In the grand scheme of things I am pretty young for a mother. Mid-twenties is not unheard of, and certainly not stigmatized the way a smaller number might be, but still I am ahead of the game when compared to the rest of my friends. This leaves me a bit lonely I am afraid. I continue to maintain friendships with a handful of people who I have shared my high school and college years, a number of those very close friendships. Amongst friends there always has to be a first, lucky me that this is my role. BL and I got married before the rest of them, but then this didn't necessarily set us too far ahead of the pack since we did have friends in long-term relationships and on the cusp of moving forward as we had. Married people are at least semi-relateable to the singles, slip into child bearing and things change a bit. My friends continued to be the loving and supportive people they always have been, but unfortunately it seems that being a parent is just one of those things you will never truly understand until you experience it for yourself. I can attempt to drag them into understanding my world, but really it just can't sink in.
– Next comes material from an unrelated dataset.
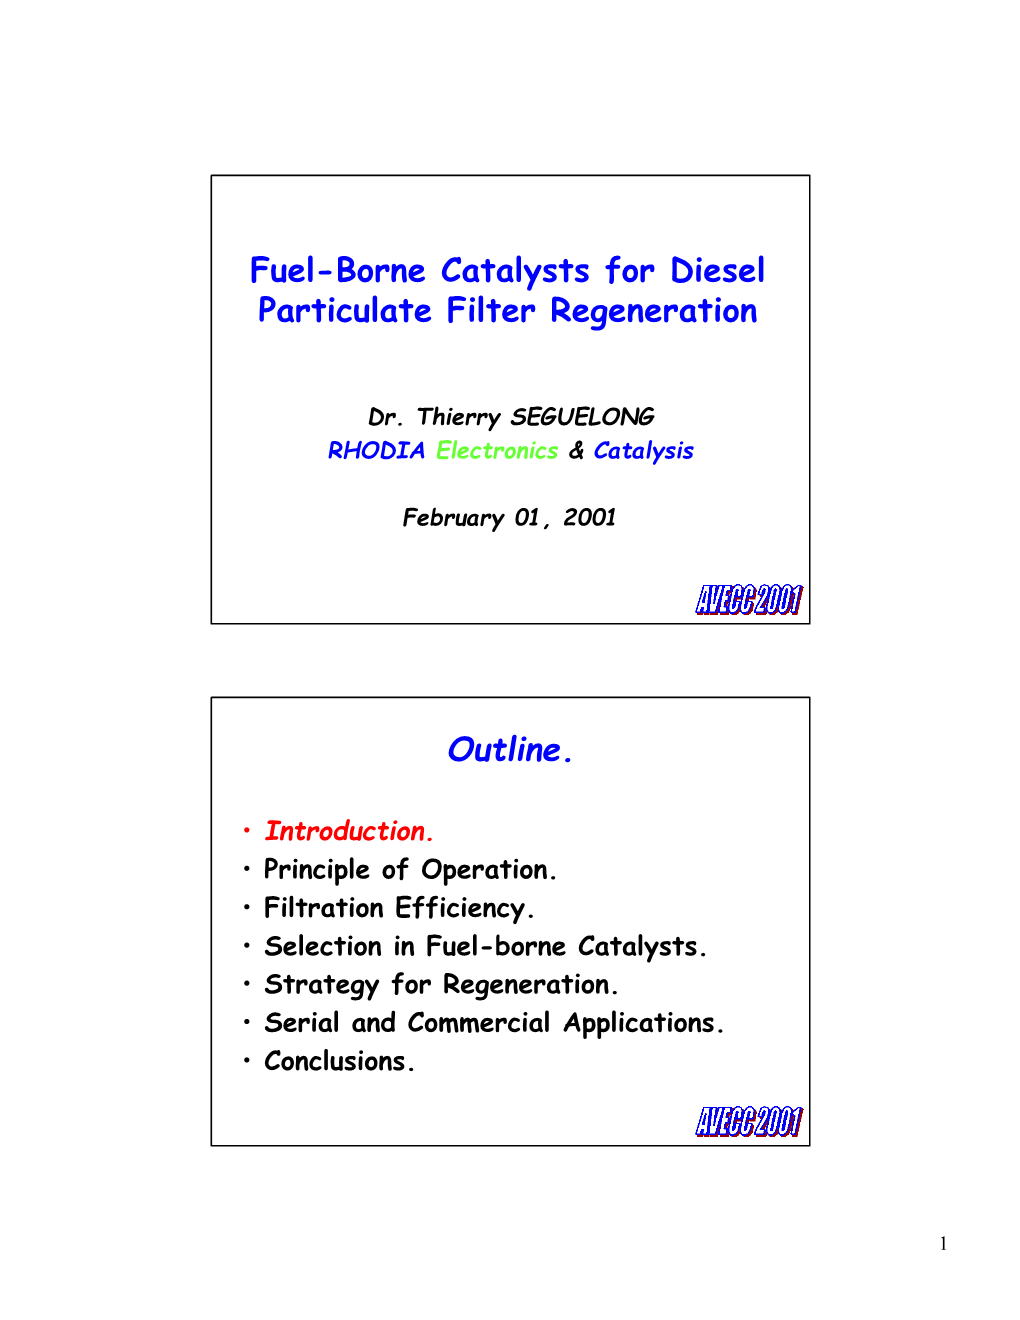 Fuel-Borne Catalysts for Diesel Particulate Filter Regeneration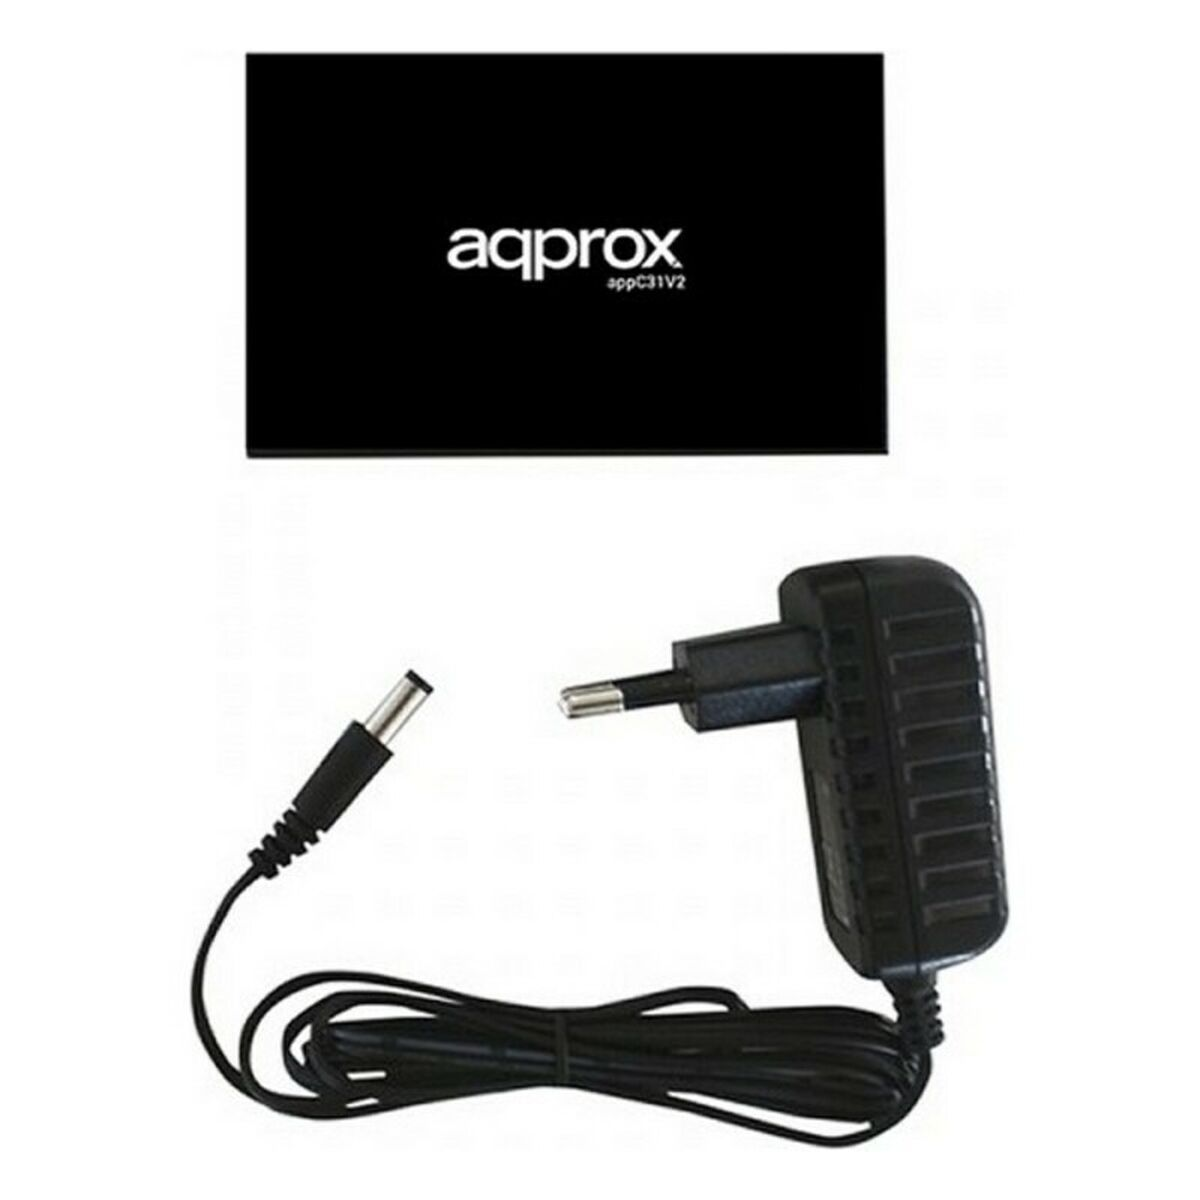 APPROX APPC31V2 15 cm AV-Adapter/Konverter

I have come to accept this, actually I came to accept this a while ago and decided to take action. Make new friends, keep the old. I set out to make mama friends, and I did, but apparently life contains more surprises than just new parenthood. BL and I have lived in the same city we went to college in for (off and on) the last seven years. We never intended to settle here for good, but we also had a timeline for our escape as well. Things changed a bit when BL's dad was diagnosed with cancer midway through 2007. To make an incredibly long and complicated story unfairly short, we have been trying to get back home and out of this damn city ever since then. So mama friends fell by the wayside. Instead came the focus for job searching and frequent trips home. We are getting closer, and come hell or high water we will leave soon, but until we make the move and get settled again I just don't have the heart or time to make new friends that I would soon be leaving anyways.
So for now I am left wanting... and secretly hoping one of my friends gets knocked up. One can hope right?